## Problem to solve
Reproduce every line of the material below exactly. No pictures belong in the copy.

## Data extract
**********

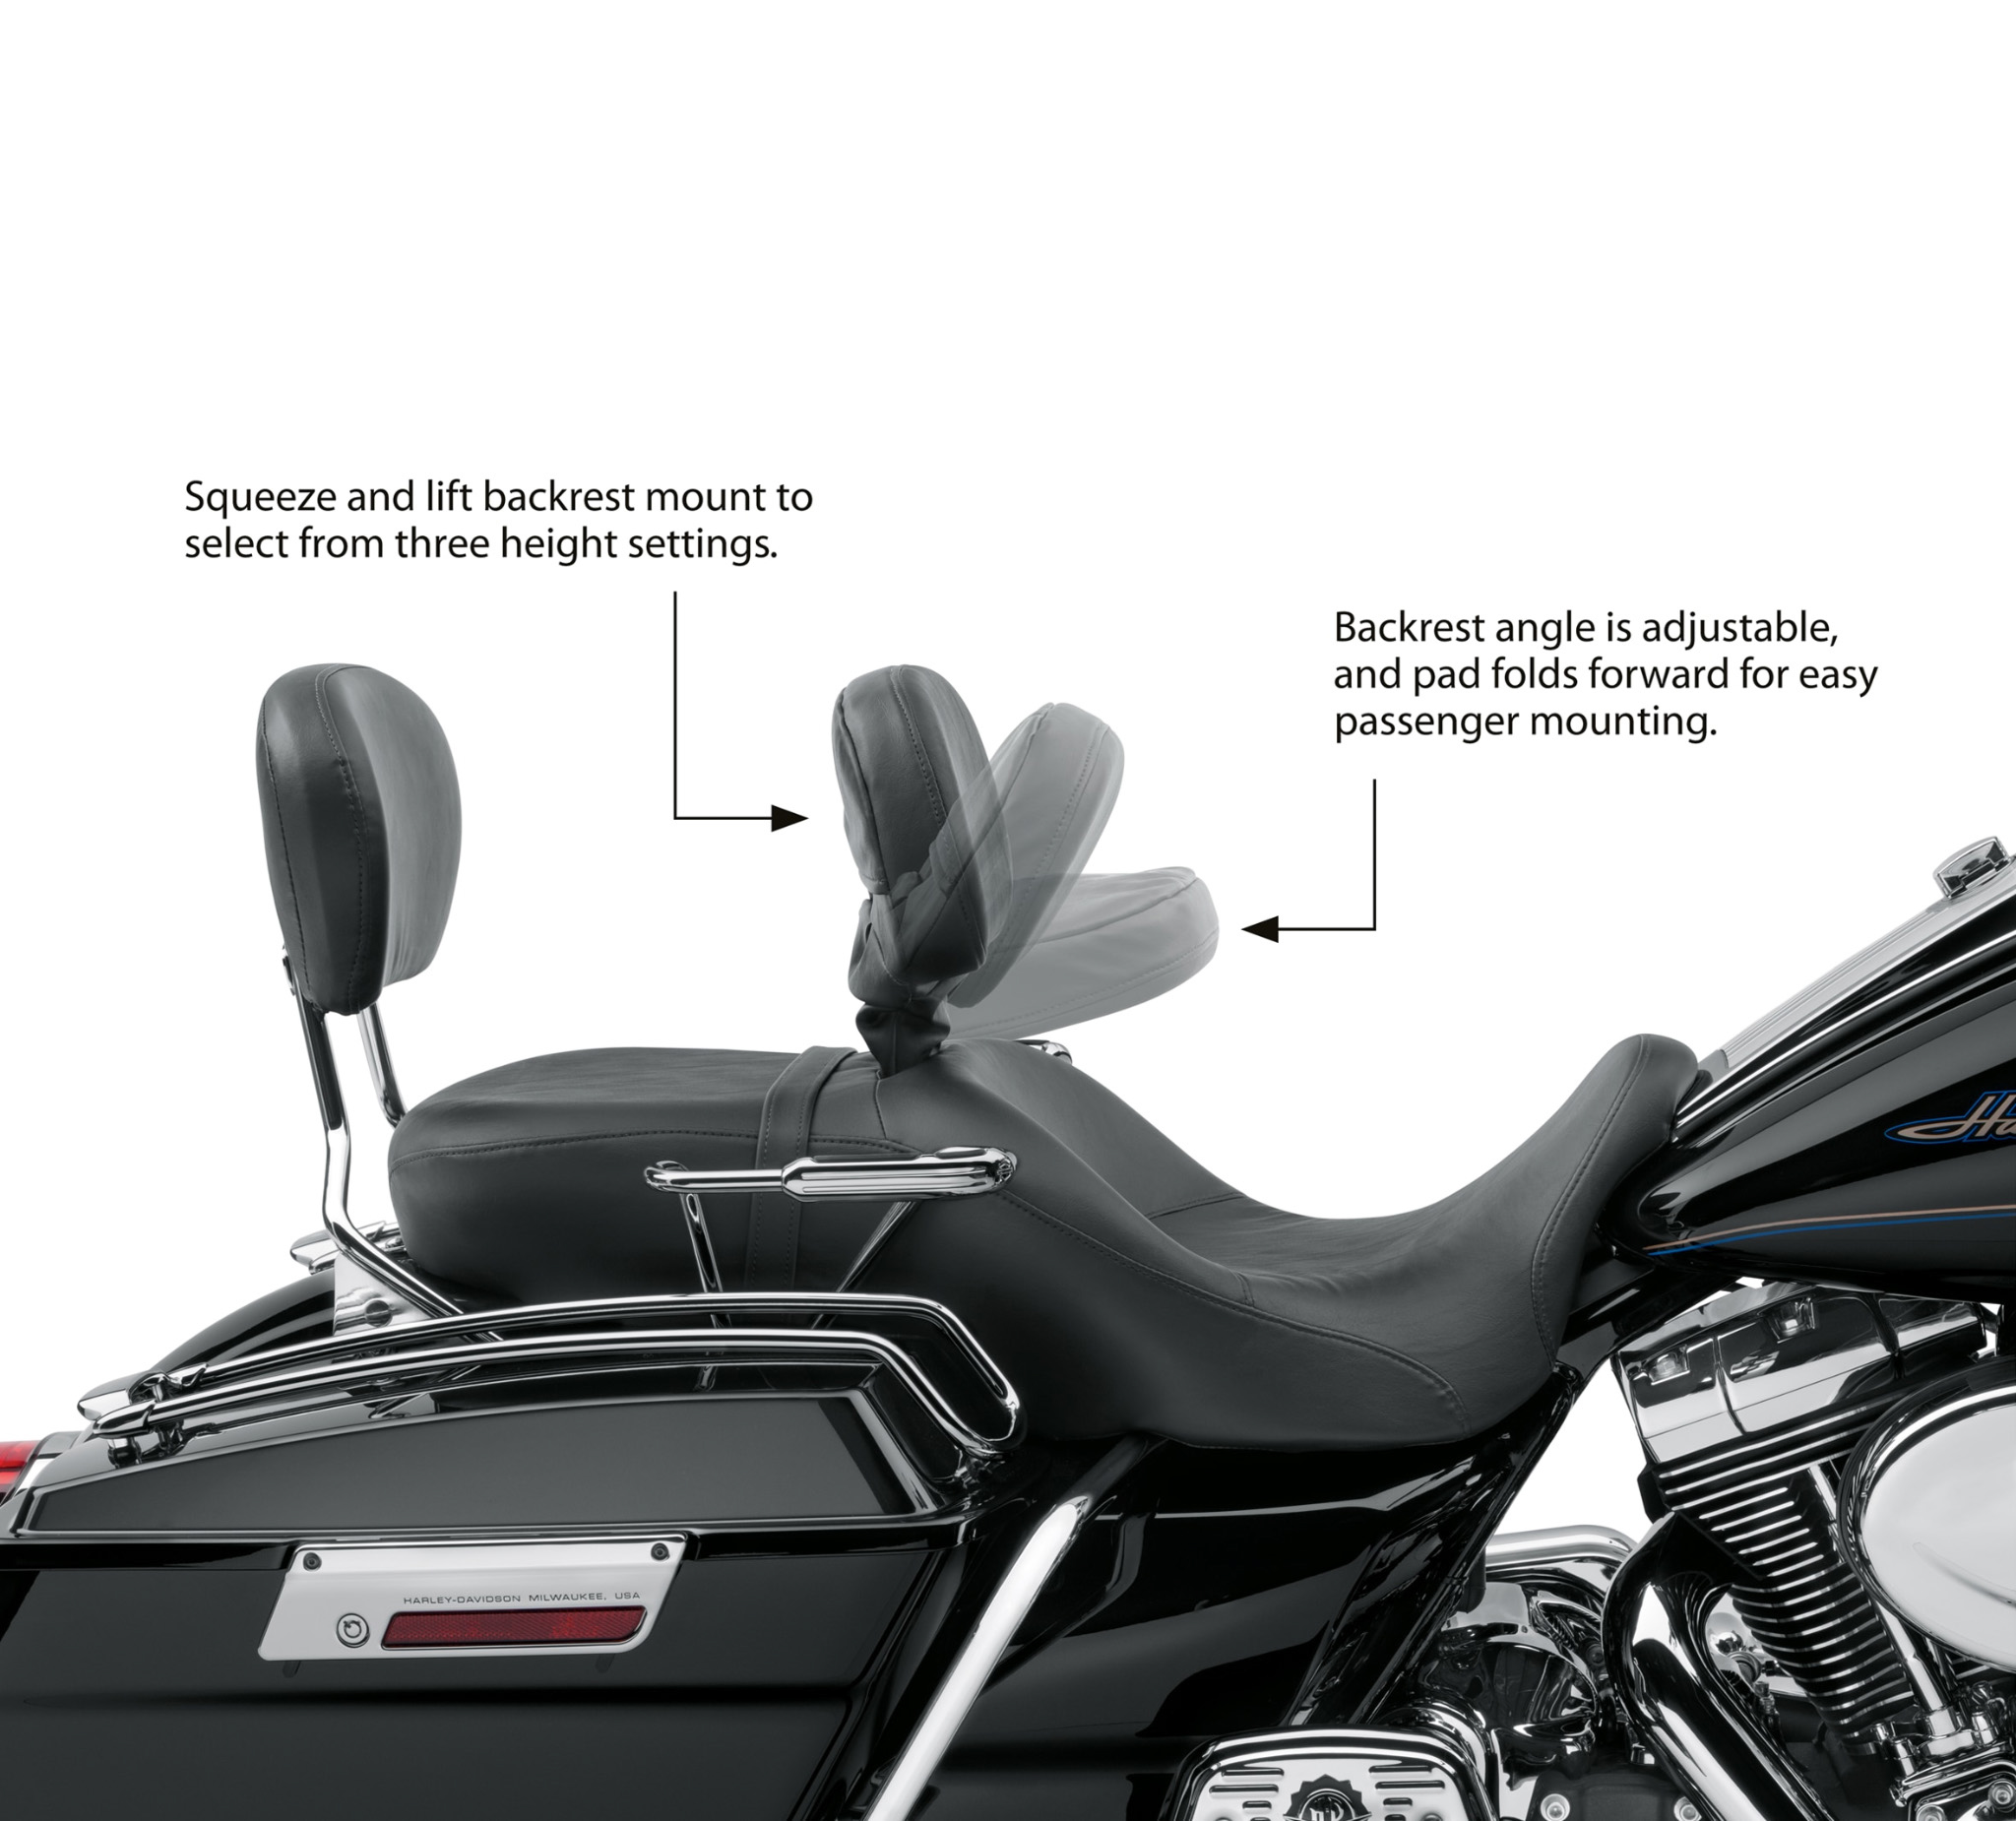 Share Adjustable Rider Backrest.tif?impolicy=myresizerw=700
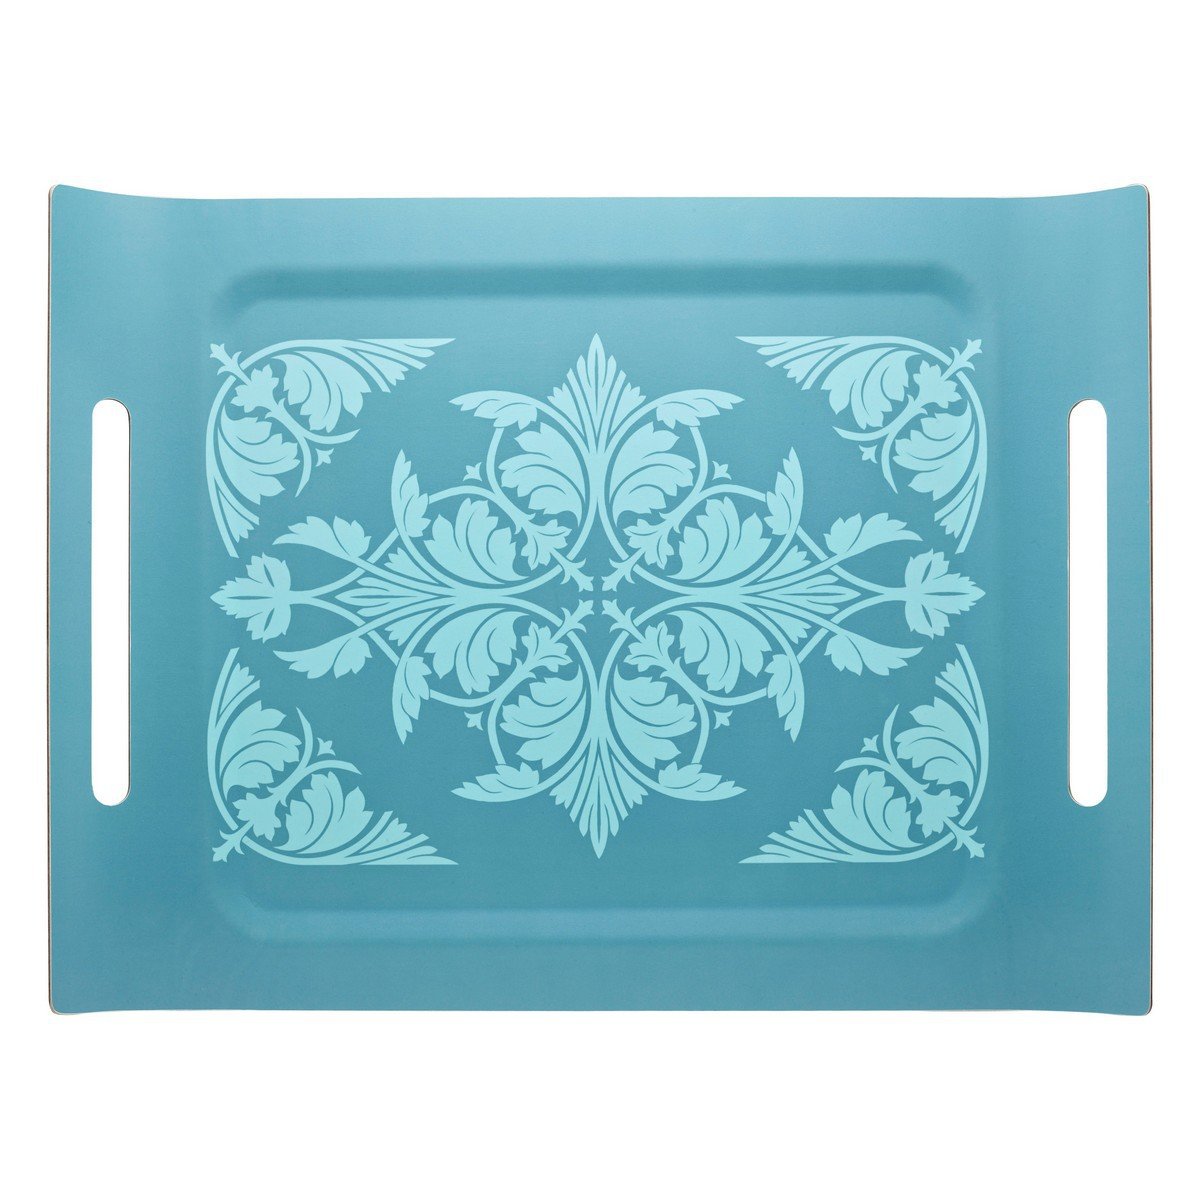 Syracuse Aqua Tray by Le Jacquard Français | Fig Linens - Blue, Wooden, Rectangular serving tray
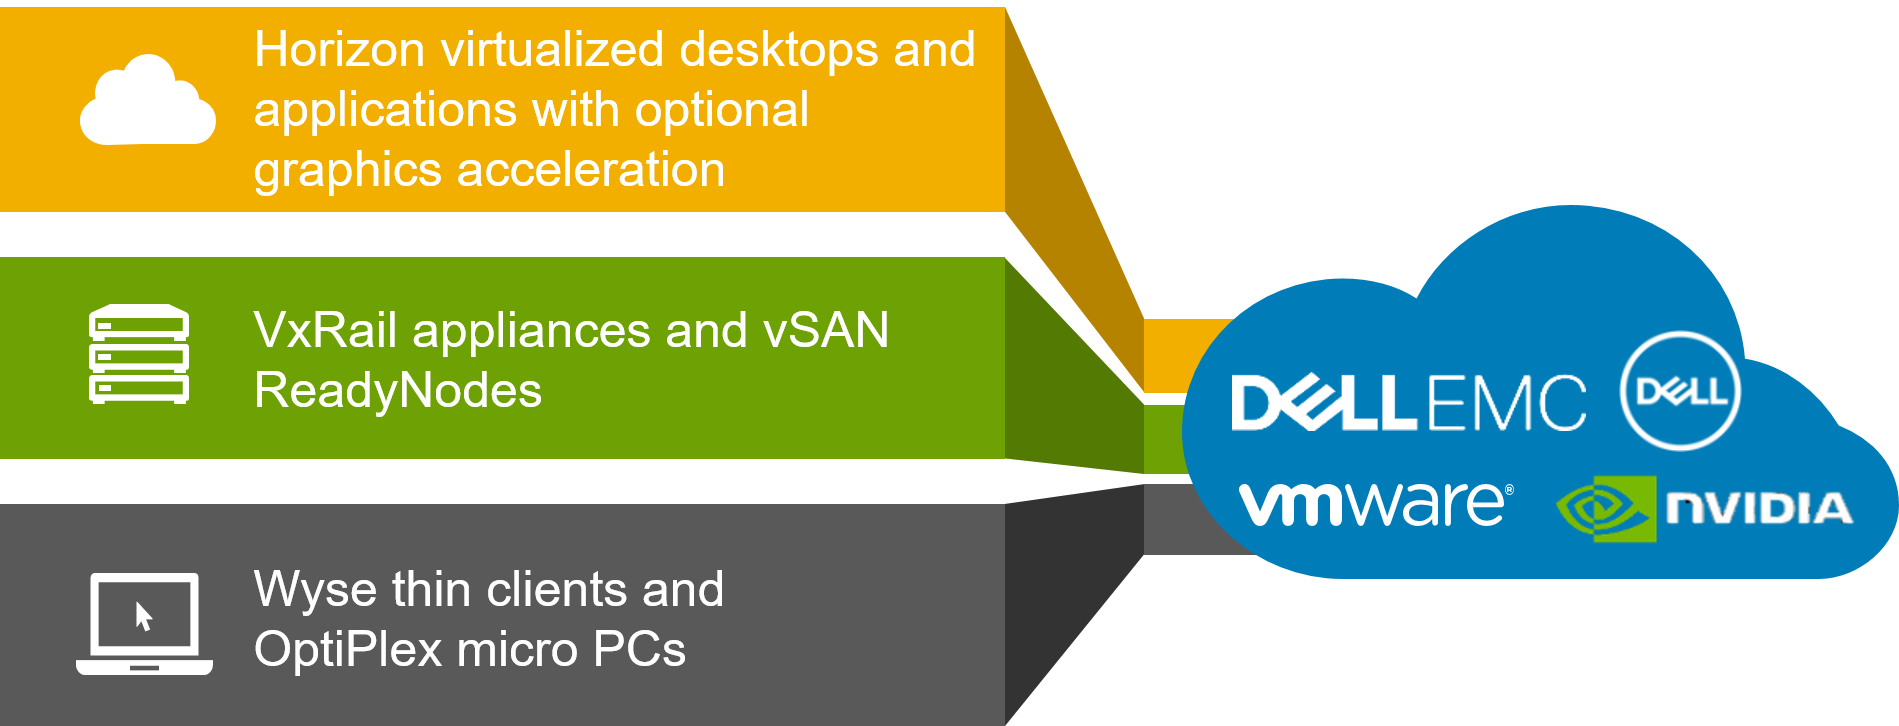 Illustration of Dell EMC VDI Complete Solutions
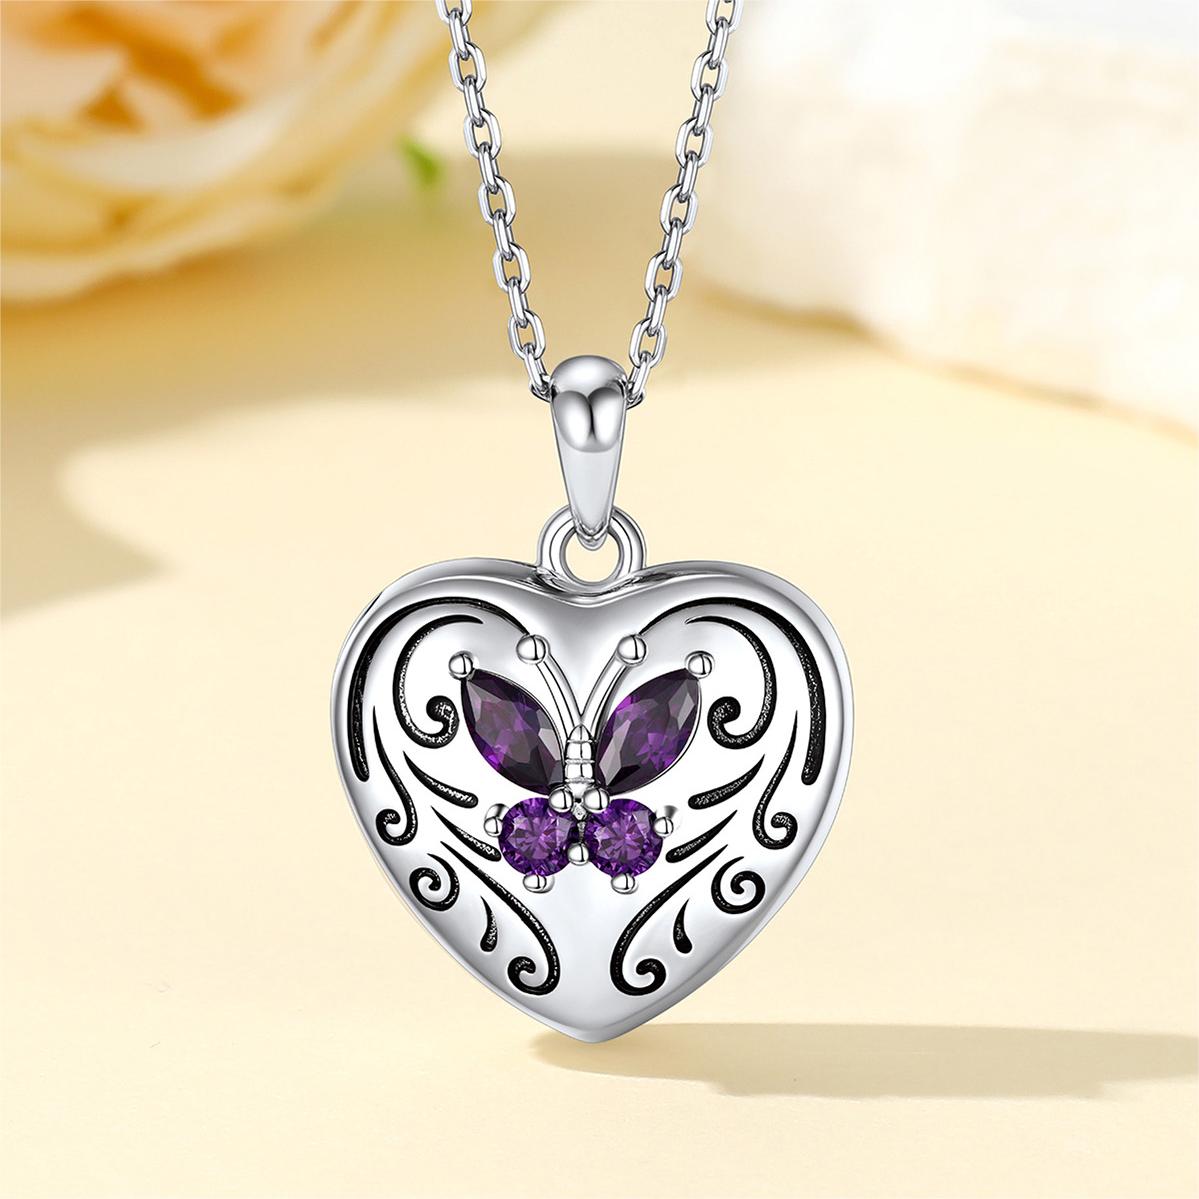 Birthstonesjewelry Personalized Heart Locket Photo Necklace for Women

**********

## Output for this exercise
 Share Adjustable Rider Backrest.tif?impolicy=myresizerw=700
 Syracuse Aqua Tray by Le Jacquard Français | Fig Linens - Blue, Wooden, Rectangular serving tray
 Illustration of Dell EMC VDI Complete Solutions
 Birthstonesjewelry Personalized Heart Locket Photo Necklace for Women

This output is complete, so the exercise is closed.